Chapter 63 Quiet After the Fire
Alessandro
The city smelled wrong after the explosion.
Not smoke—something colder. Fear that hadn’t decided where to settle yet.
Alessandro didn’t speak during the drive back. The car moved through streets that had already begun whispering, sirens cutting the air in the distance, phones lighting up with speculation he refused to look at.
The bomb hadn’t been meant for bodies.
That was what unsettled him most.
It had been meant for him.
For Marco.
For the idea that they were untouchable.
He leaned his head back against the seat, eyes closed, jaw tight. His ribs ached faintly where the knife wound was healing—not enough to slow him, just enough to remind him how thin margins had become.
Someone else had entered the game.
And they hadn’t chosen sides.
They’d chosen timing.
When the car turned onto the narrow road leading to the house, Alessandro felt the tension loosen a fraction. Not relief. Just… quiet.
The house lights were on.
She was awake.
He stepped inside without speaking, closing the door softly behind him. The place smelled like clean linen and the faint trace of coffee—Isabella’s doing. She’d started keeping normal hours again, like routine could anchor the world.
She appeared in the hallway almost immediately.

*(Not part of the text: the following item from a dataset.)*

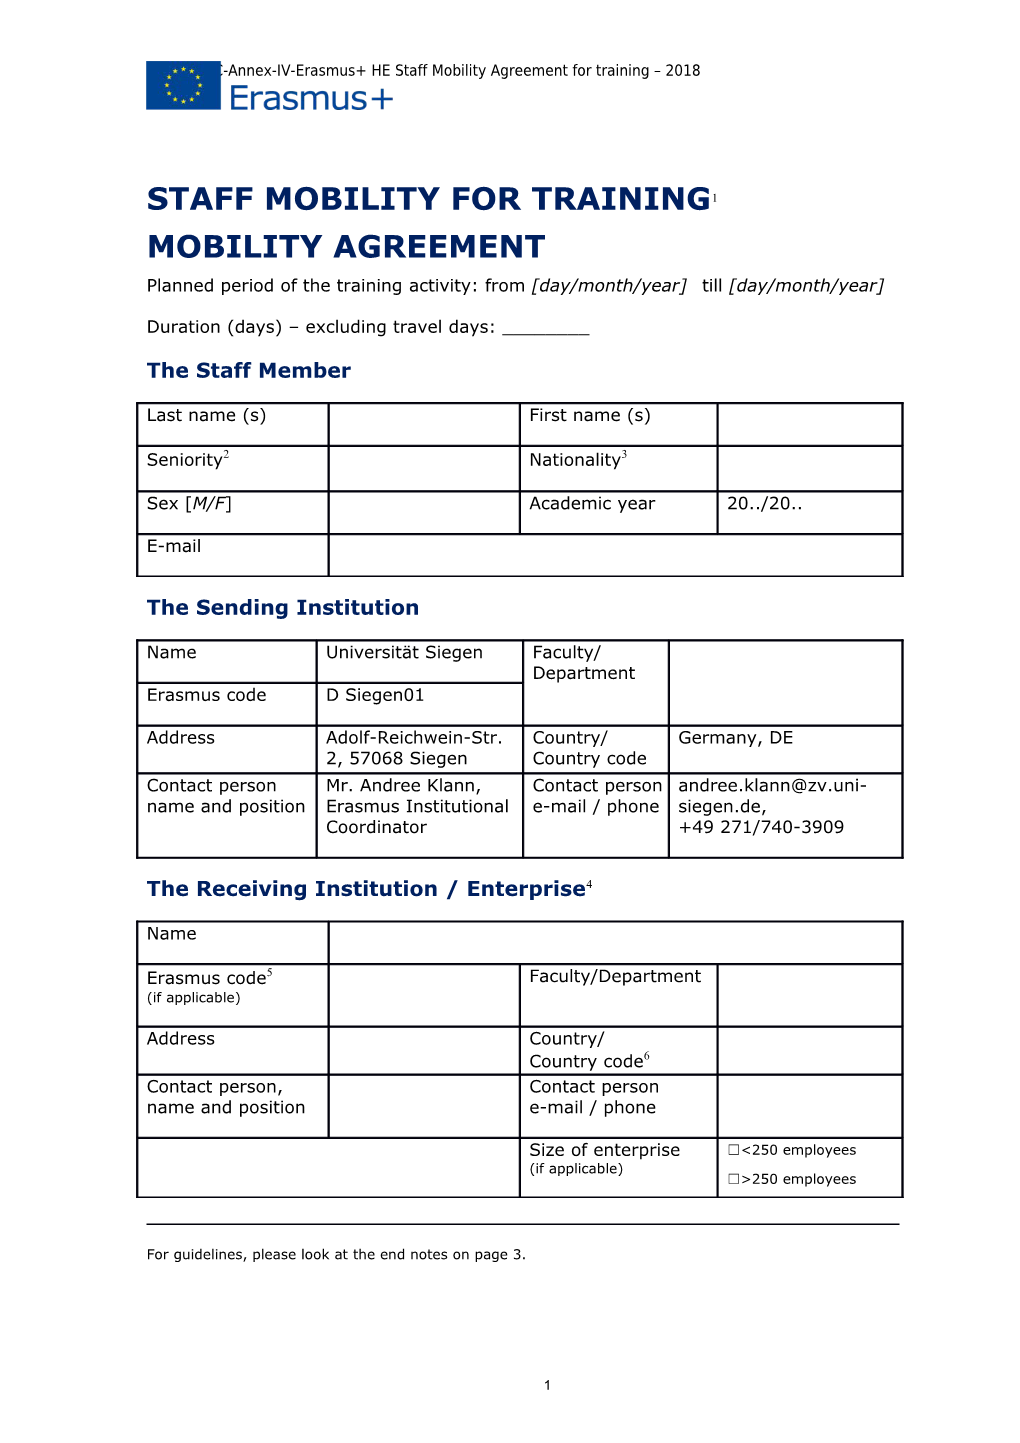 Gfna-II.7-C-Annex-IV-Erasmus+ HE Staff Mobility Agreement for Training 2018

Her eyes found his face first.
Then everything else faded.
“You’re hurt,” she said.
“No,” he replied automatically.
She didn’t argue. She stepped into him, arms wrapping around his torso, cheek pressed against his chest. The moment she felt the stiffness in his body, the restraint, she pulled back just enough to look at him properly.
“Something happened,” she said quietly.
Alessandro exhaled.
“A message,” he said. “Not for us alone.”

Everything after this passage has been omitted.